Nokia and Intel combine Maemo and Moblin into MeeGo

Now, how about that - Nokia and Intel shook hands to merge their mobile Linux projects into one. And along came MeeGo. The silly name aside, MeeGo is the blend of Nokia's Maemo, used on the Nokia N900 and a few others, and Intel's Moblin, which powers MIDs based on the Moorestown platform.

MeeGo

With what seems to be the right heritage, MeeGo will power anything from smartphones through tablets and netbooks to connected TVs and car entertainment systems. The supported CPUs are apparently quite diverse too - Maemo runs on ARM processors, while Moblin is optimized specifically for the Atom-based Moorestown platform.



This means there won't be a unified app store however, which is a shame. Ovi Store will be the go-to place for apps for all Nokia devices, while those running on an Intel platform will use the Intel AppUpSM Center.

The Qt toolkit sees to it that developers will have to write an application just once and deploy it on several platforms - that includes MeeGo on ARM or x86 CPUs, even Symbian and other OSes.

MeeGo will be hosted by the Linux Foundation and is completely open source.

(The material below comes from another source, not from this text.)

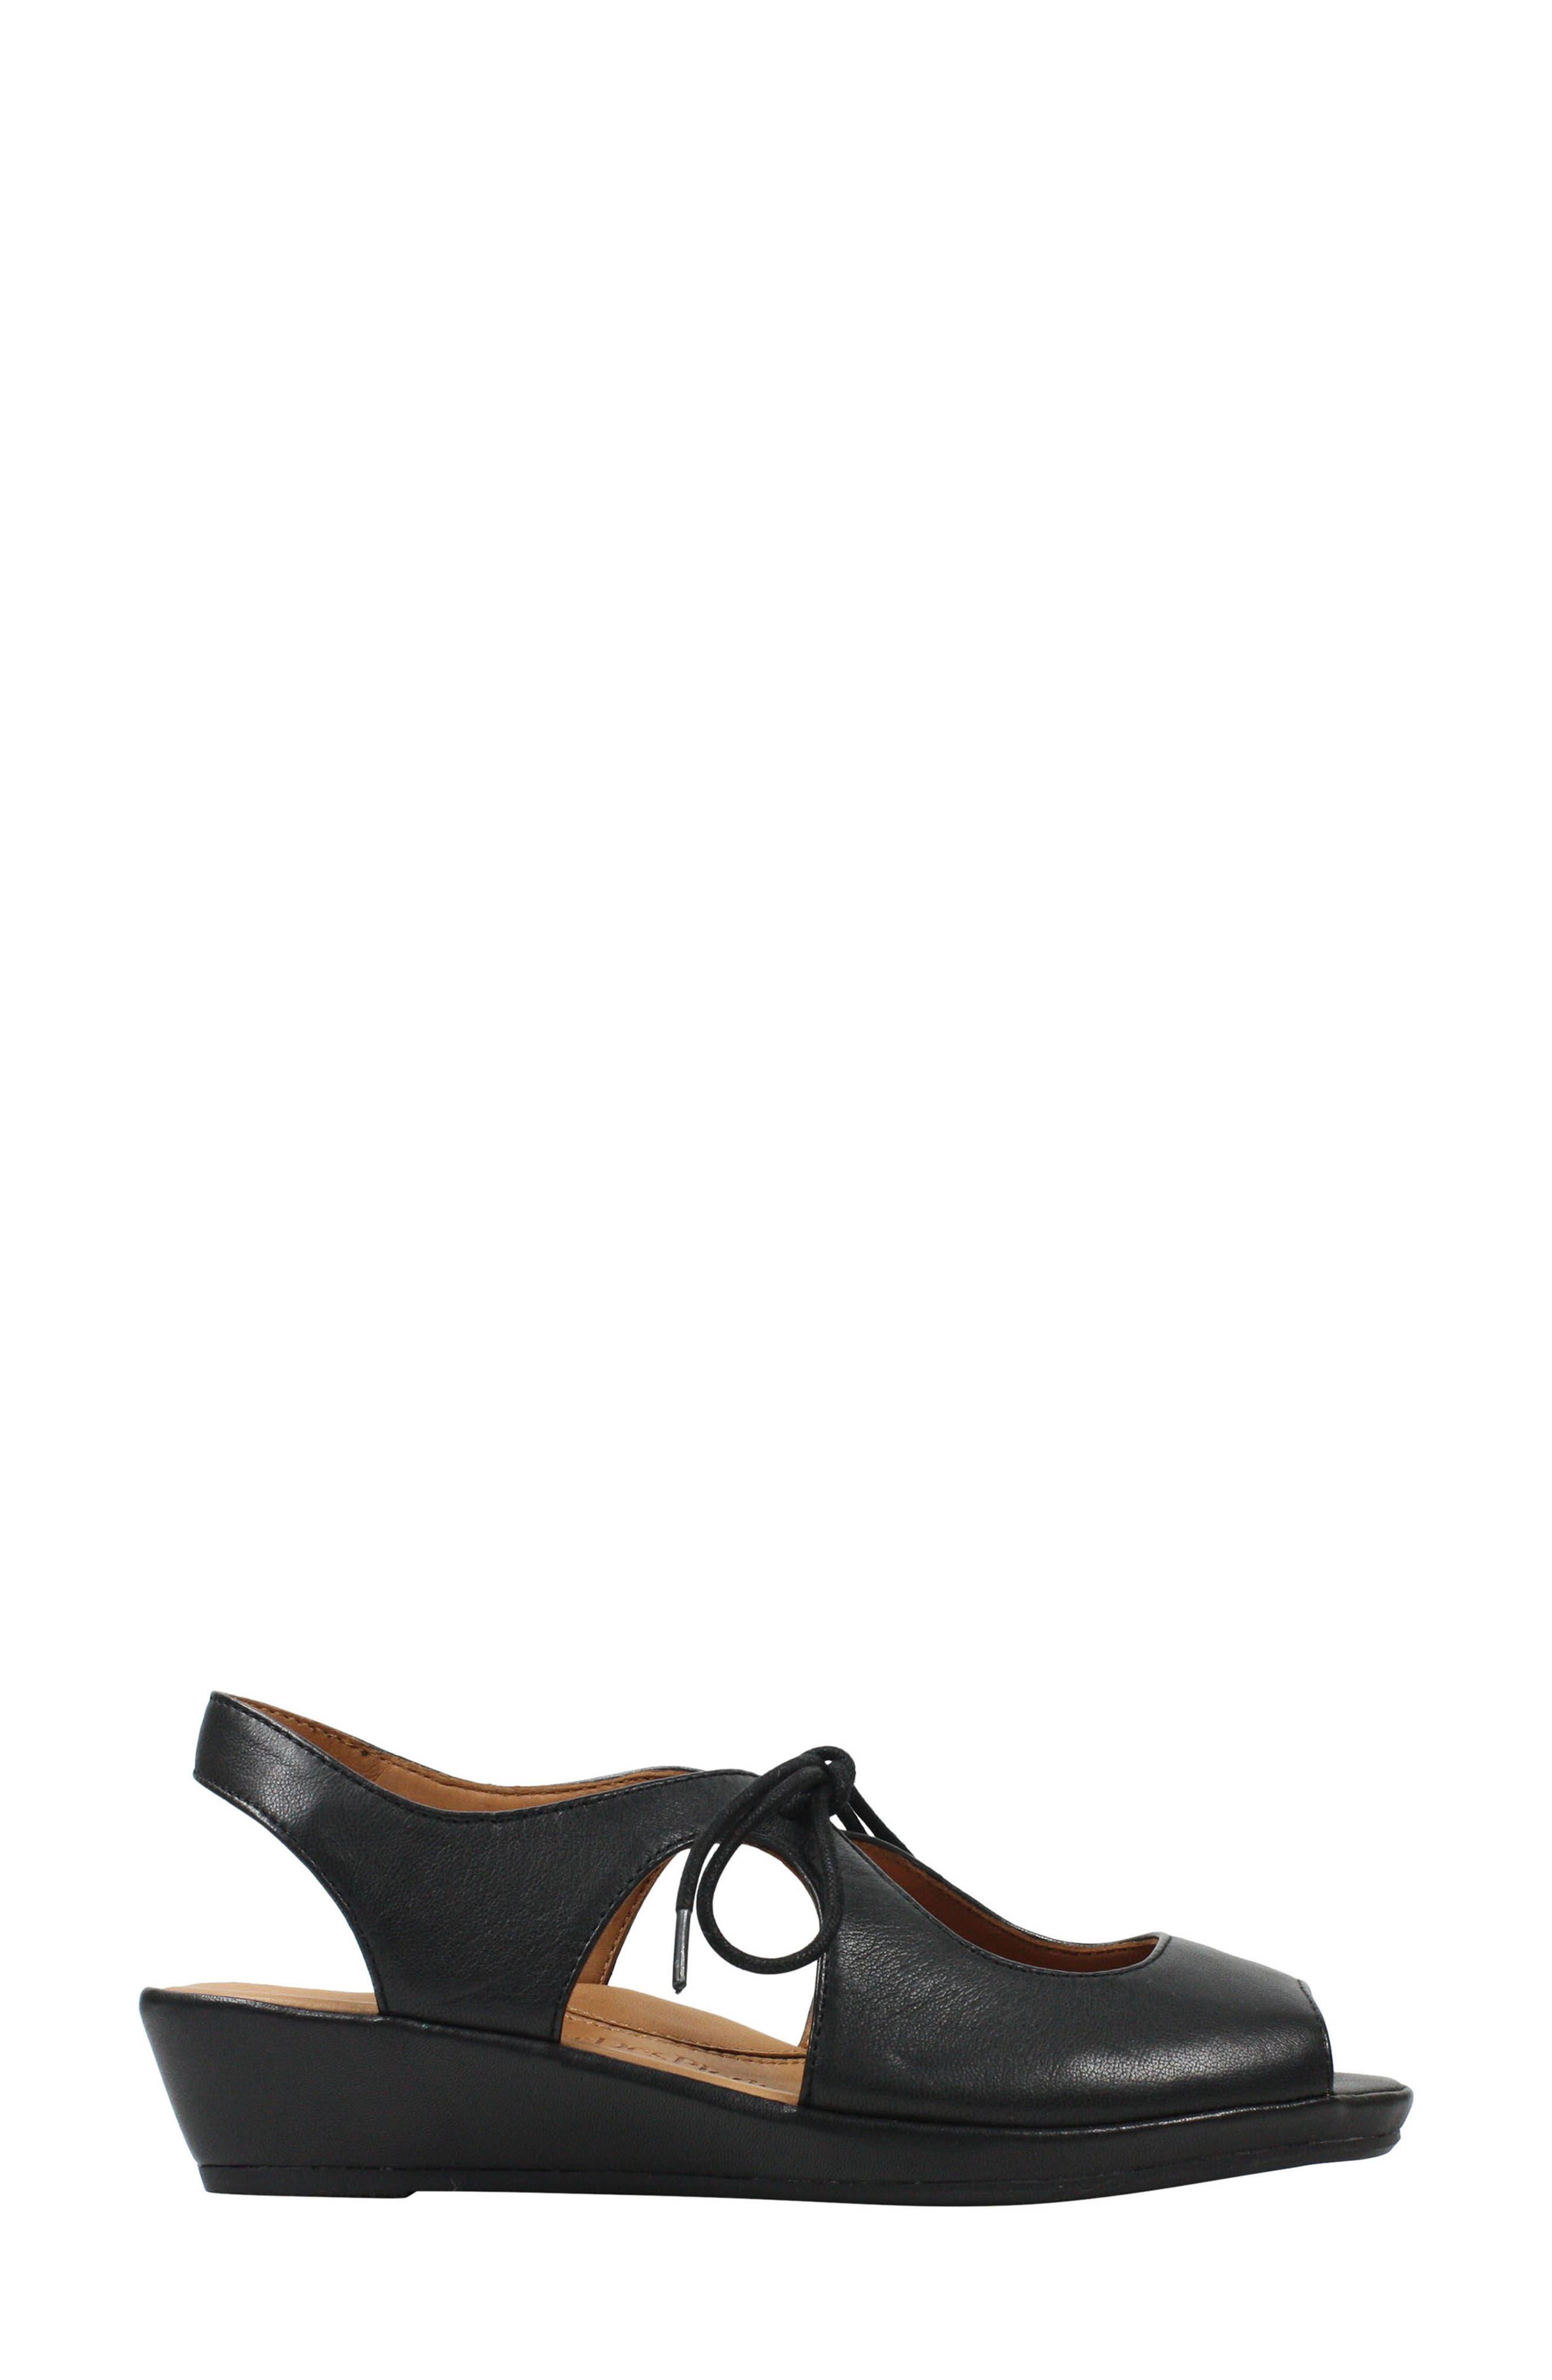 Brettany Sandal,                             Alternate thumbnail 4, color,                             Black Leather

The first release of MeeGo will be in the second quarter of this year and the first devices to use the new OS will come some time after that. There's no word whether MeeGo will be available for Nokia N900.

Symbian^3

The other news from today is that Symbian Foundation unveiled the first release of the long awaited Symbian^3. By the end of March the S^3 is expected to be code complete while the first devices based on the new platform will show up in 2010, Q3. Luckily, we already know what to expect from the S^3.

It should offer advanced usability, faster networking as well as 2D and 3D graphics acceleration (with OpenGL ES support), which is warmly welcome when it comes to games and applications. And thanks to the more efficient memory management more applications will be able to run at the same time.

The Symbian^3 will also feature support for HDMI output, while the hardware acceleration will boost up the user interface: there will now be multiple homescreens full of widgets.

Switching from cell network to Wi-Fi will happen automatically but most importantly, Symbian^3 is 4G network ready.

Ovi Maps and Ovi Store doing fine

In the meanwhile, Nokia were keen to brag about more than 3 million Ovi Maps downloads which makes more than one download per second. And the Ovi Store is doing even better: more than a million downloads are registered each day!

Unfortunately, Nokia didn't have any new phones to announce today at the MWC 2010. We surely hope they'll take care of that tomorrow.